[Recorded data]
--*--

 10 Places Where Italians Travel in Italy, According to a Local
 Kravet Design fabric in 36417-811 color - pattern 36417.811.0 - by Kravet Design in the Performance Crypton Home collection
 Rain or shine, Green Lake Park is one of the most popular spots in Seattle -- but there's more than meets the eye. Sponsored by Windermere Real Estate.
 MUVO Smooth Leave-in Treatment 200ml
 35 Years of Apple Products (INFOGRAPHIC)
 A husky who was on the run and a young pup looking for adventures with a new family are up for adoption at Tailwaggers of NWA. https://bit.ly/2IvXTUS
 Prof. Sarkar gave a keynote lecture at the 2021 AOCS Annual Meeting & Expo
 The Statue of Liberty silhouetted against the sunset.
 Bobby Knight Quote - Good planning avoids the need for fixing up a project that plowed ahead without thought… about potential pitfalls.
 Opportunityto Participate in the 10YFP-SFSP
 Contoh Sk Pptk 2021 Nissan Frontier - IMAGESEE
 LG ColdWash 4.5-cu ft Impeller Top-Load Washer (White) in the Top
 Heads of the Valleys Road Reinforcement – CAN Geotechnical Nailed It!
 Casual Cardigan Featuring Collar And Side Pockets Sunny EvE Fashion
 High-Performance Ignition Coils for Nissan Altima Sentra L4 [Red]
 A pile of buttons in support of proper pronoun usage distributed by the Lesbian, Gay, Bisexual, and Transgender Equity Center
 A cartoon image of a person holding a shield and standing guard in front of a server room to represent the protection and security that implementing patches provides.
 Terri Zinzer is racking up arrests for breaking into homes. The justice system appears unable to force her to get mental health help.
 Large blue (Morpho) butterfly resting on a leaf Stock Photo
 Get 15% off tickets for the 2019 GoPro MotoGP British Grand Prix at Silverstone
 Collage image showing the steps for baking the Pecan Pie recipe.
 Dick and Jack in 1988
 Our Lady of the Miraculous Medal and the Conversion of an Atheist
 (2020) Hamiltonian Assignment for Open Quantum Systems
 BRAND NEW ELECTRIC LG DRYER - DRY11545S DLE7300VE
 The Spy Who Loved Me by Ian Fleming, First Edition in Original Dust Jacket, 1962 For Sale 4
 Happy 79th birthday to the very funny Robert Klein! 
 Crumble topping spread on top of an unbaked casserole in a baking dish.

--*--

What you are asked to do: Search the entries for the word "Performance", then gather every line that has it.

Final answer:
 Kravet Design fabric in 36417-811 color - pattern 36417.811.0 - by Kravet Design in the Performance Crypton Home collection
 High-Performance Ignition Coils for Nissan Altima Sentra L4 [Red]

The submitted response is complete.